Accepting Uncertainty

One common problem survivors face is the uncertainty around how long they will live. Studies show most people with cancer want to know how long they are expected to live and how treatment will impact the time they have left, according to Areej R. El-Jawahri, a hematologist-oncologist at Massachusetts General Hospital in Boston.

It’s not always easy for doctors to give people with advanced or metastatic disease clear answers about their prognosis, especially given constantly changing treatment options. “In the era of novel therapies, targeted therapies, immunotherapies, we have a lot more prognostic uncertainty in oncology,” El-Jawahri said. In fact, research found more than 75% of people with advanced cancer struggle with prognostic uncertainty, not knowing how the disease is likely to progress.

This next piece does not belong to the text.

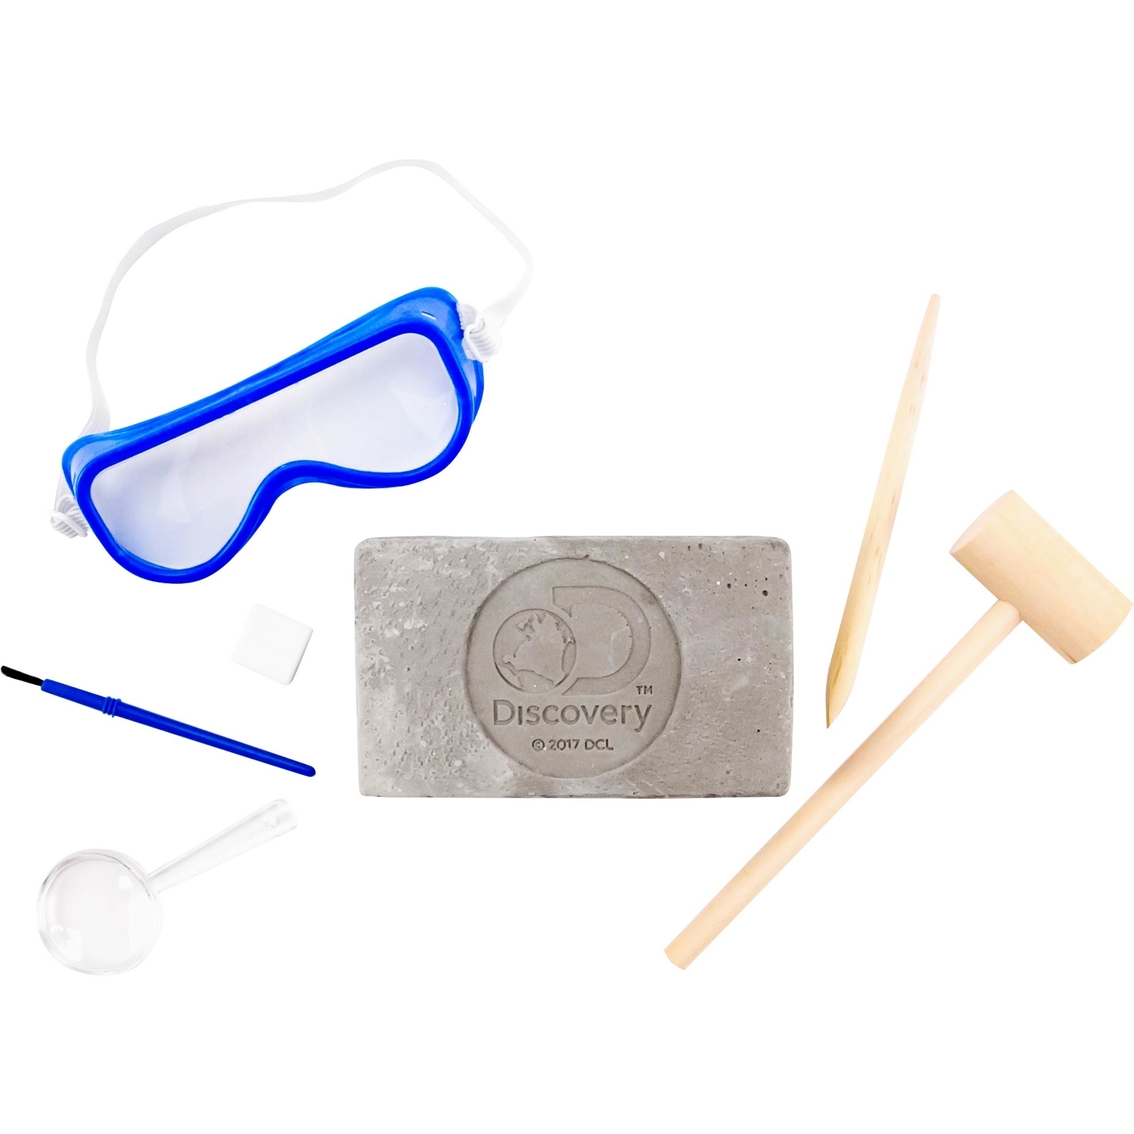 Discovery Gemstone Dig Kit - Image 2 of 2

To help survivors overcome the anxiety that accompanies prognostic uncertainty, oncologists can work with them to achieve prognostic awareness, which is when a patient understands and accepts their prognosis. While someone may learn their prognosis in a single doctor’s visit, gaining prognostic awareness occurs over time, according to El-Jawahri. “It’s not just about cognitively understanding that my life expectancy might be limited, but how do I emotionally integrate that information to really affect my life decision-making,” she said. People with advanced disease often experience a “coping pendulum”—oscillating between optimistic hope and acceptance—which allows them to assimilate their prognosis over time, according to El-Jawahri.

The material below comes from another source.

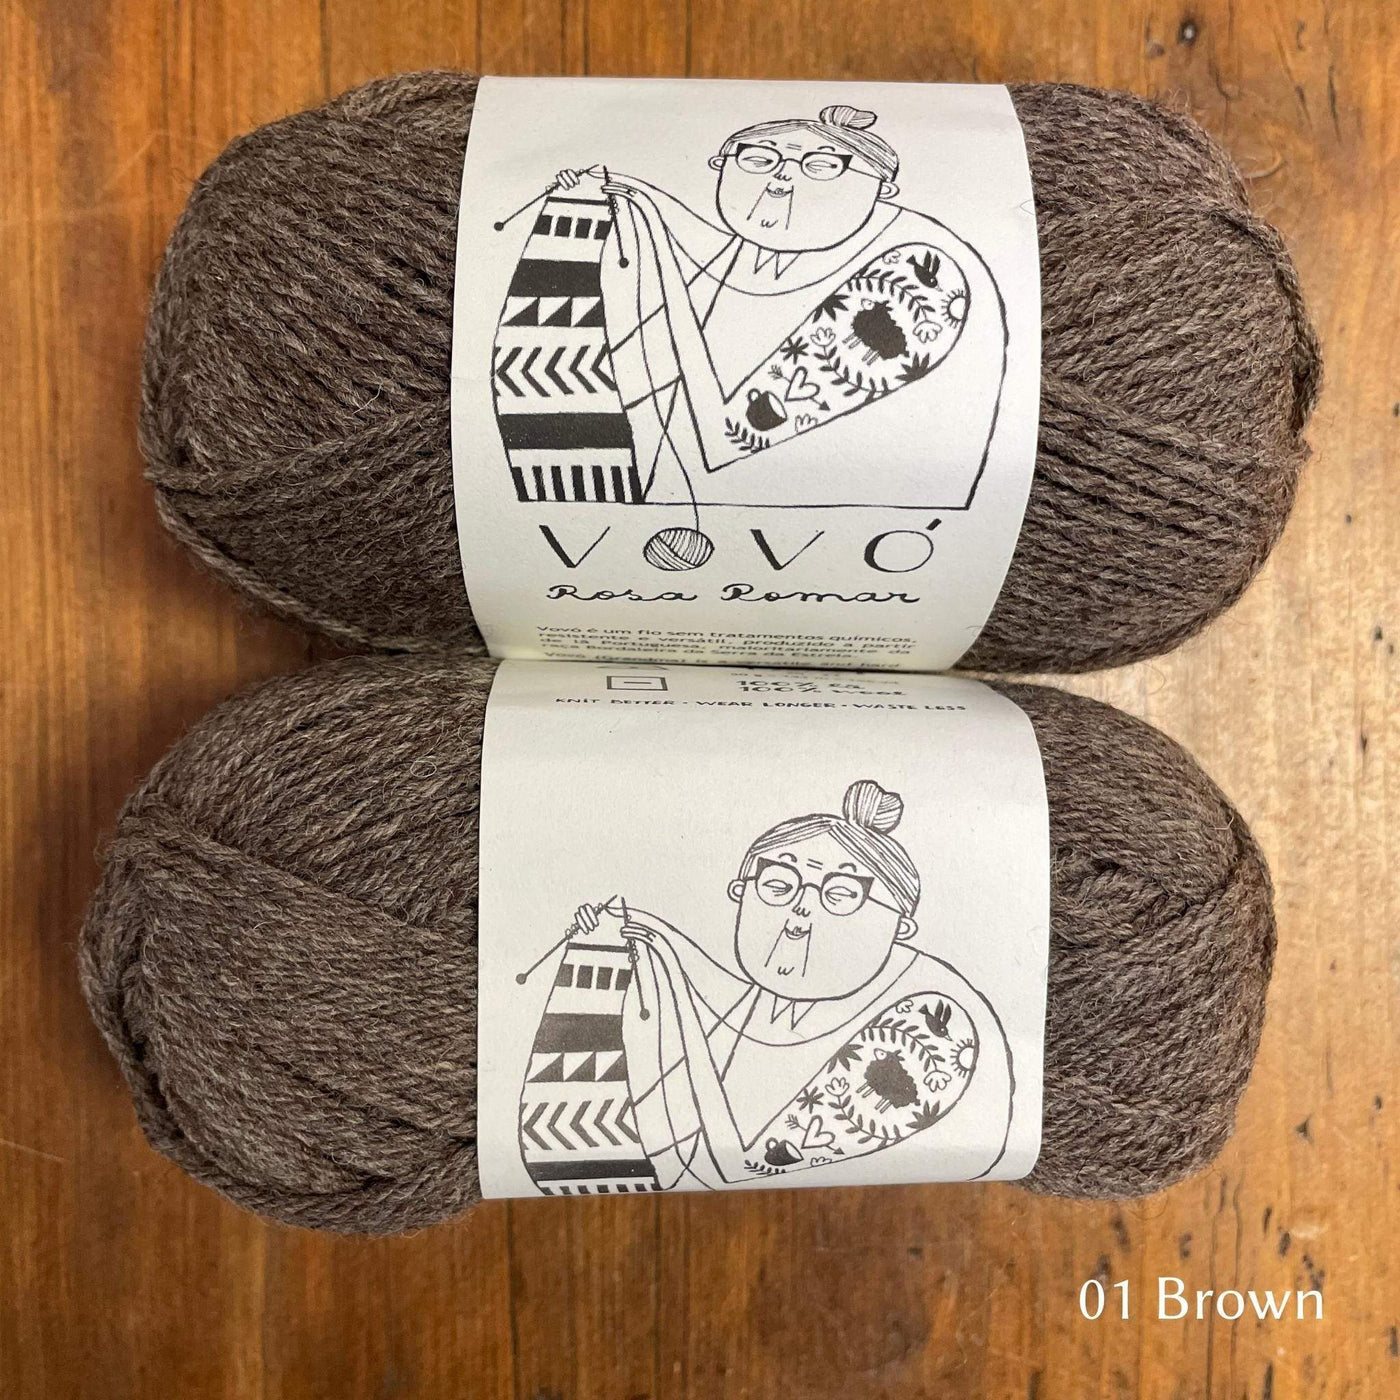 Retrosaria Vovo variant color 01 brown, medium brown, showing label with grandmother knitting

El-Jawahri said gaining prognostic awareness is crucial for people with advanced cancer, as it allows them to know how to spend their time and to communicate their final wishes to their loved ones. Additionally, research shows people who have a good understanding of their prognosis have better quality of life, are more likely to discuss their end-of-life wishes with their care team and are less likely to receive aggressive therapy at the end of life.

Integrating palliative care specialists into care early can help patients cultivate prognostic awareness, according to El-Jawahri. Additionally, oncologists can help people with advanced disease better understand their prognosis by having multiple conversations over time and discussing the patient’s hopes and anxieties. One strategy involves having the oncologist outline the best case, worst case and most likely scenarios. This allows the patient to better understand the possibilities and then plan for each potential outcome with their doctor.

Thomas Celona is an editor at Cancer Today.